Par elle s'intuitionne le goût d'une présence gratuite. Une suite de petits rien, l'habitude d'un même lieu, d'un même travail, creusent le goût du ciel dans l'ordinaire des jours. Dieu se communique à l'homme hors des filets que nous lui préparons ; il passe à travers les mailles de nos réseaux ; et, par sa seule entremise, la veille de mille gestes monotones se change en une liberté qui ne nous appartient pas. Elle allège tout, déjoue nos petits surmoi et leur préciosité débile en découvrant la résistance du réel à tout ce qui veut le décorer, l'embellir, le cacher.

Des nuits, je me souviens. Le bleu était plus loin que le ciel, il était derrière toutes les épaisseurs, il recouvrait le fond du monde. Le ciel, pour moi, c'était cette traînée de pure brillance qui traverse le ciel, cette fusion froide au-delà de toute couleur. […] La lumière tombait du ciel dans des cataractes de pure transparence, dans des tombes de silences et d'immobilité. L'air était bleu, on le prenait dans la main. Bleu.2

Il y a mille façons de parler de la douceur de vivre, de la présence, de quelque chose d'humble et de simple. Chez Marguerite Duras, il y a le goût du rythme pour en parler, le goût d'une parole qui s'étonne, ralentit, fait mine de mourir et finalement rebondit. Elle montre l'eau, l'air et les songes comme une matière première toujours indéfiniment accessible. L'air bleu comme une algue de Matisse. Il attire, on le prend par la main et la vie vous dévoile sa forêt de symboles. La vie est habitable quand on la respecte telle qu'elle se donne, douce, belle, hospitalière.

L'écriture est sans doute un lieu qui ne peut apparaître qu'aux « marges du jour »3 ; elle n'est peut-être qu'une façon de déplier les concepts et d'écarter les masques usés qu'une foule de projecteurs imaginaires fixent sur soi. Elle permet en tout cas de jeter à bas les représentations pour ouvrir le cœur à un en-soi du monde merveilleusement présent.

Le monde est ce qui arrive bien avant nous, toujours avant, comme Dieu, sa parole et sa promesse. Tout est déjà là, pour nous, intouchable et disponible. Le monde se livre à nous comme le Christ prépare une demeure à qui le cherche et le désire. Il y a un « je-ne-sais-quoi » toujours en train de naître en soi et à l'extérieur de soi. Je me tiens à la porte et je frappe et tout peut devenir médiation où entrer sans fracas ni trajet dessiné par avance.

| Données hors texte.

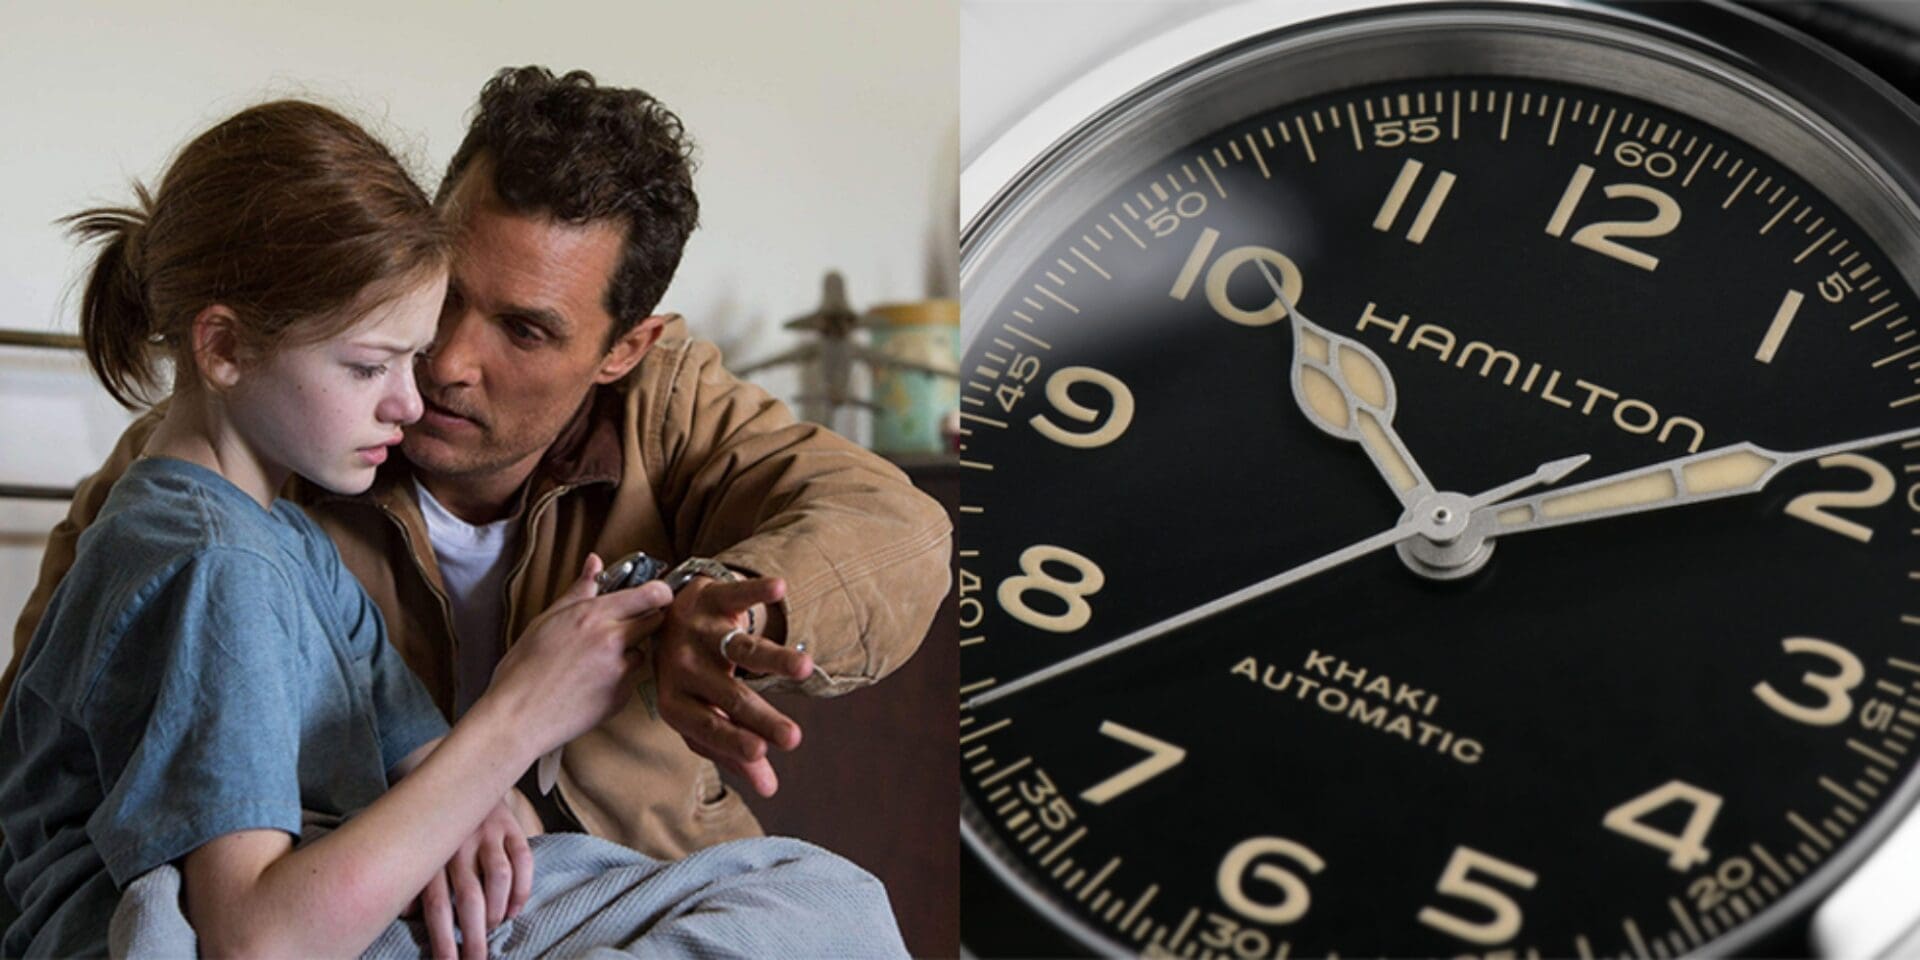 THE IMMORTALS – The Hamilton Murph is a wrist-bound movie star in its own right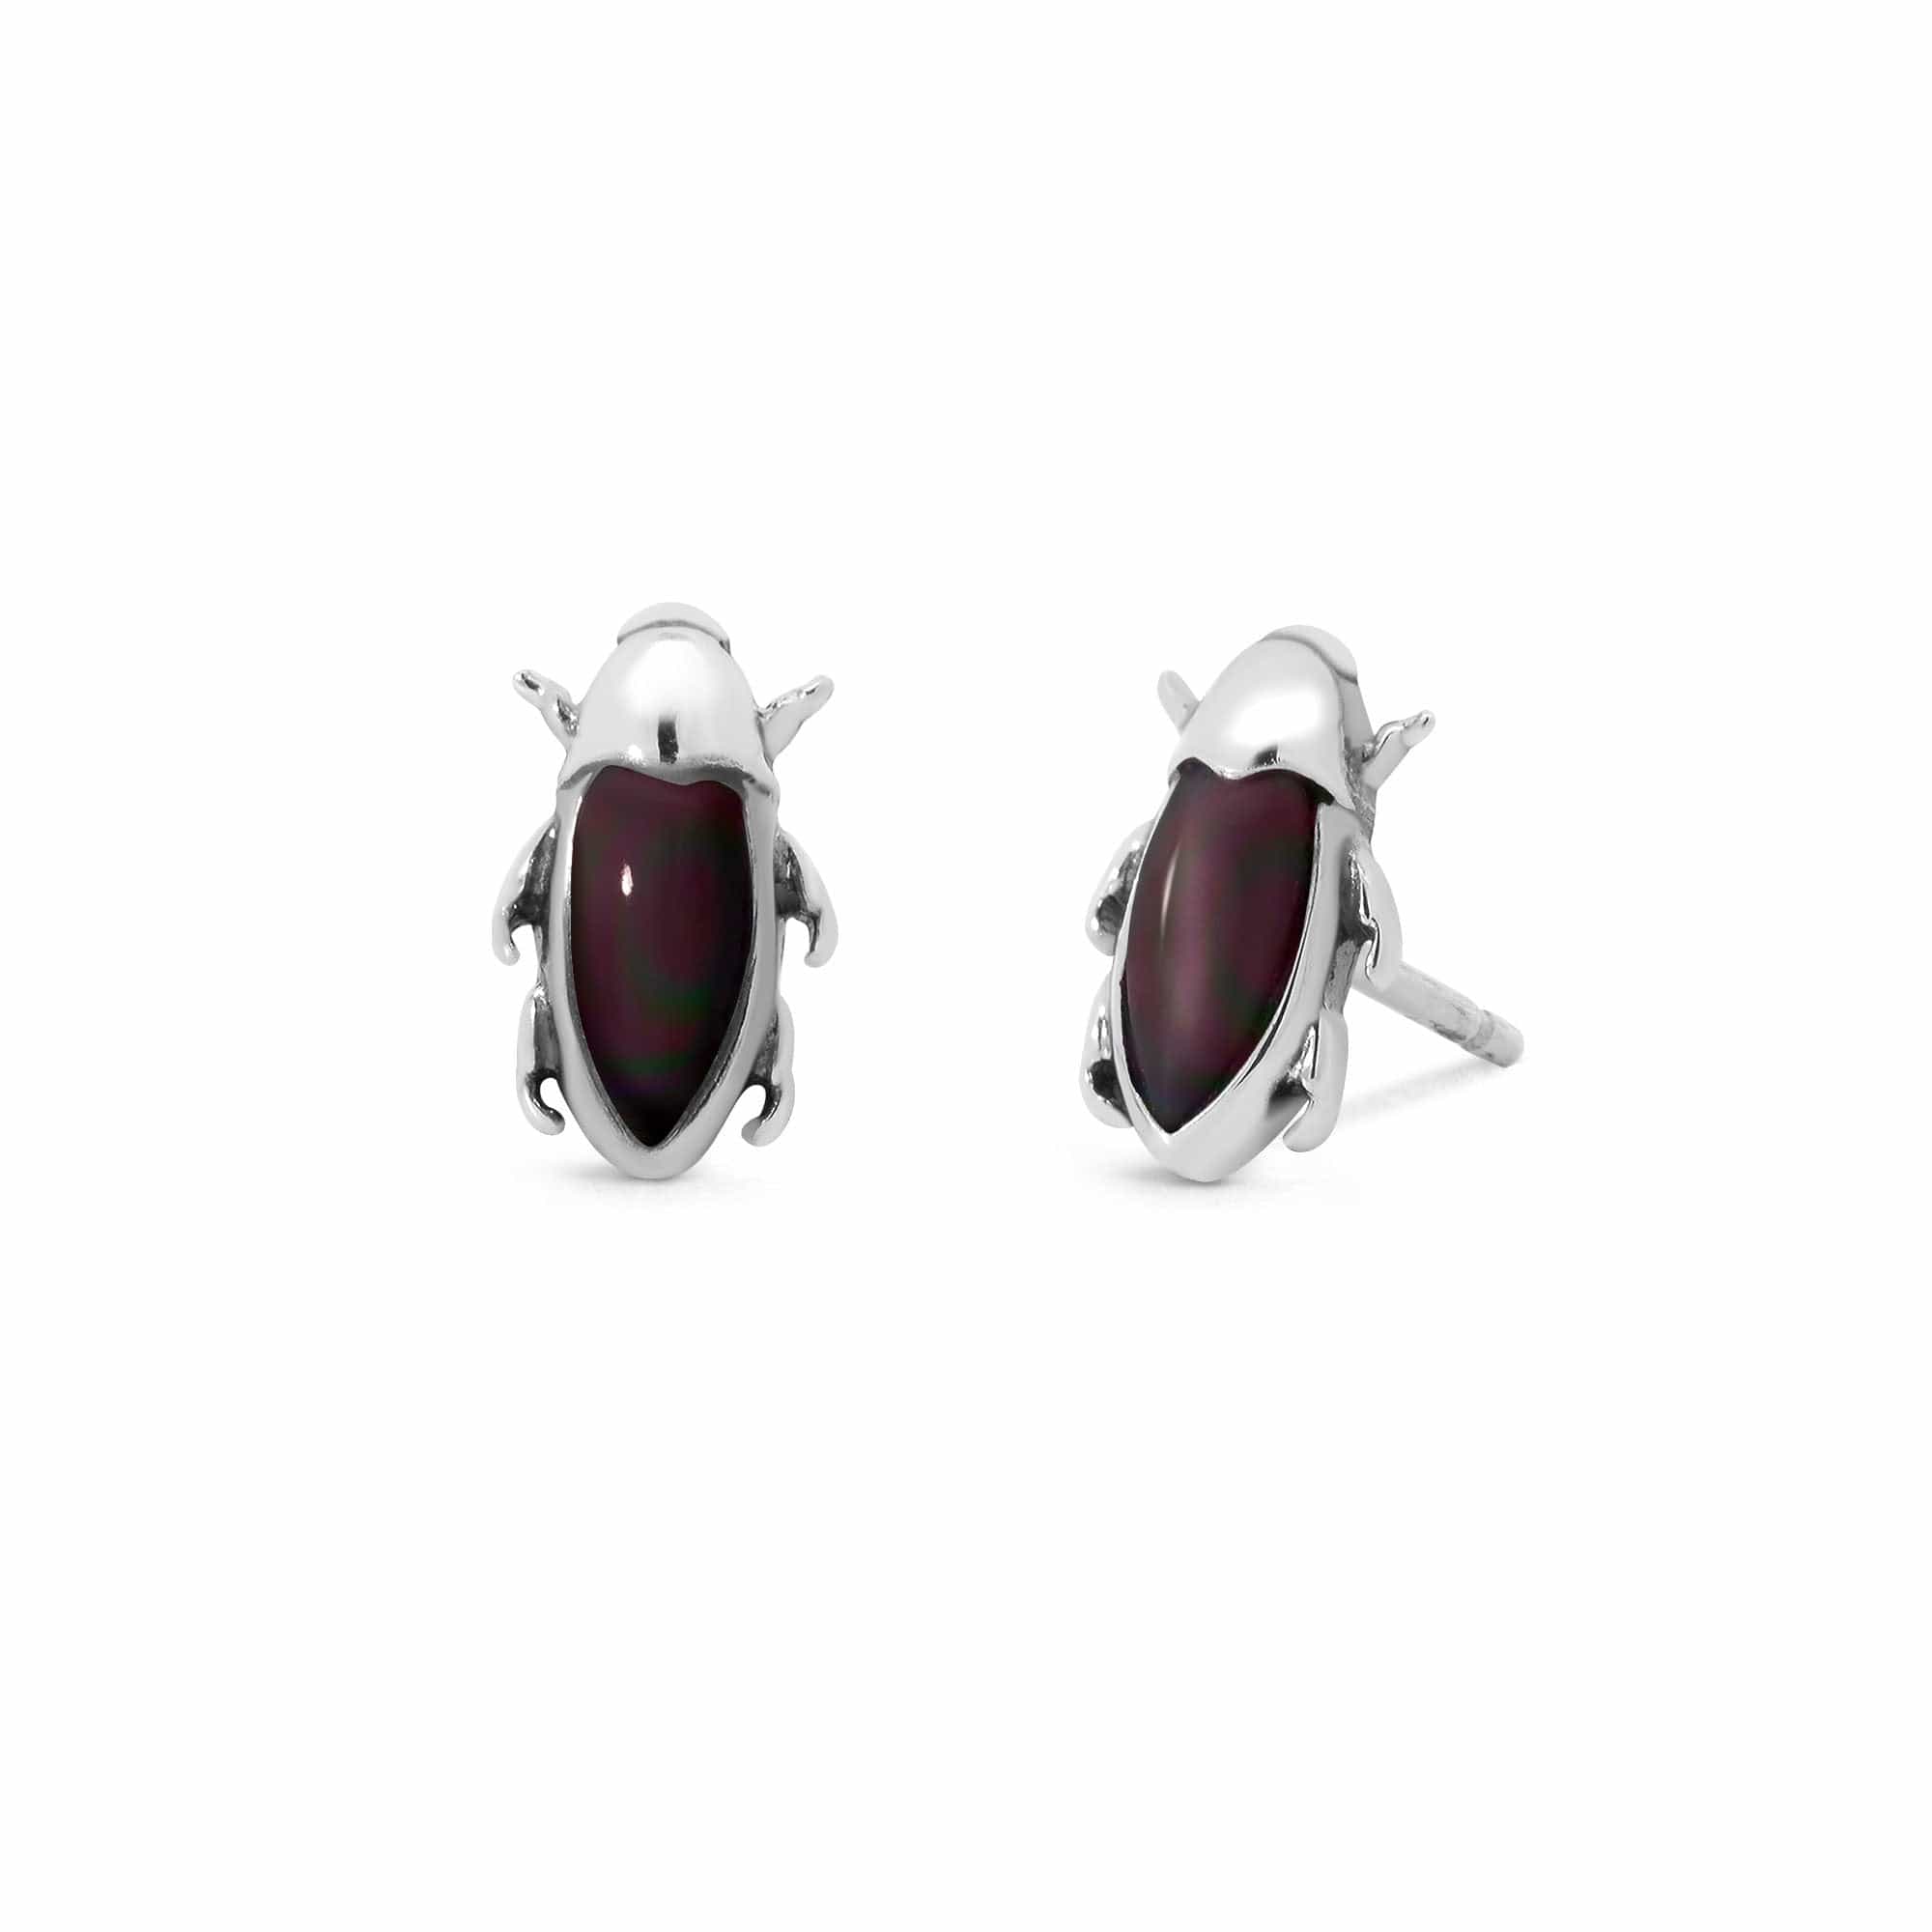 Boma Jewelry Earrings Black Mother of Pearl Bug Stud Earrings with Stone

Quelques versets de psaume, deux, trois paroles lumineuses surprises dans un compartiment de train, un visage accueillant au passage d'un couloir interminable, une situation embrouillée à dénouer d'un geste net et réconciliateur. Ces portes, ces petits îlots de présence, sont d'innombrables relais où remplir sa gibecière de consolations sensibles, de patience et de grâce. Elles ne sont pas plus que des signes, des feux follets, mais couvrent les creux du monde et de son déroulé comme les sutures d'un indéchirable tissu existentiel. Elles n'en finissent pas de broder un fil rouge de parole entre les êtres et les choses, le hasard et la nécessité.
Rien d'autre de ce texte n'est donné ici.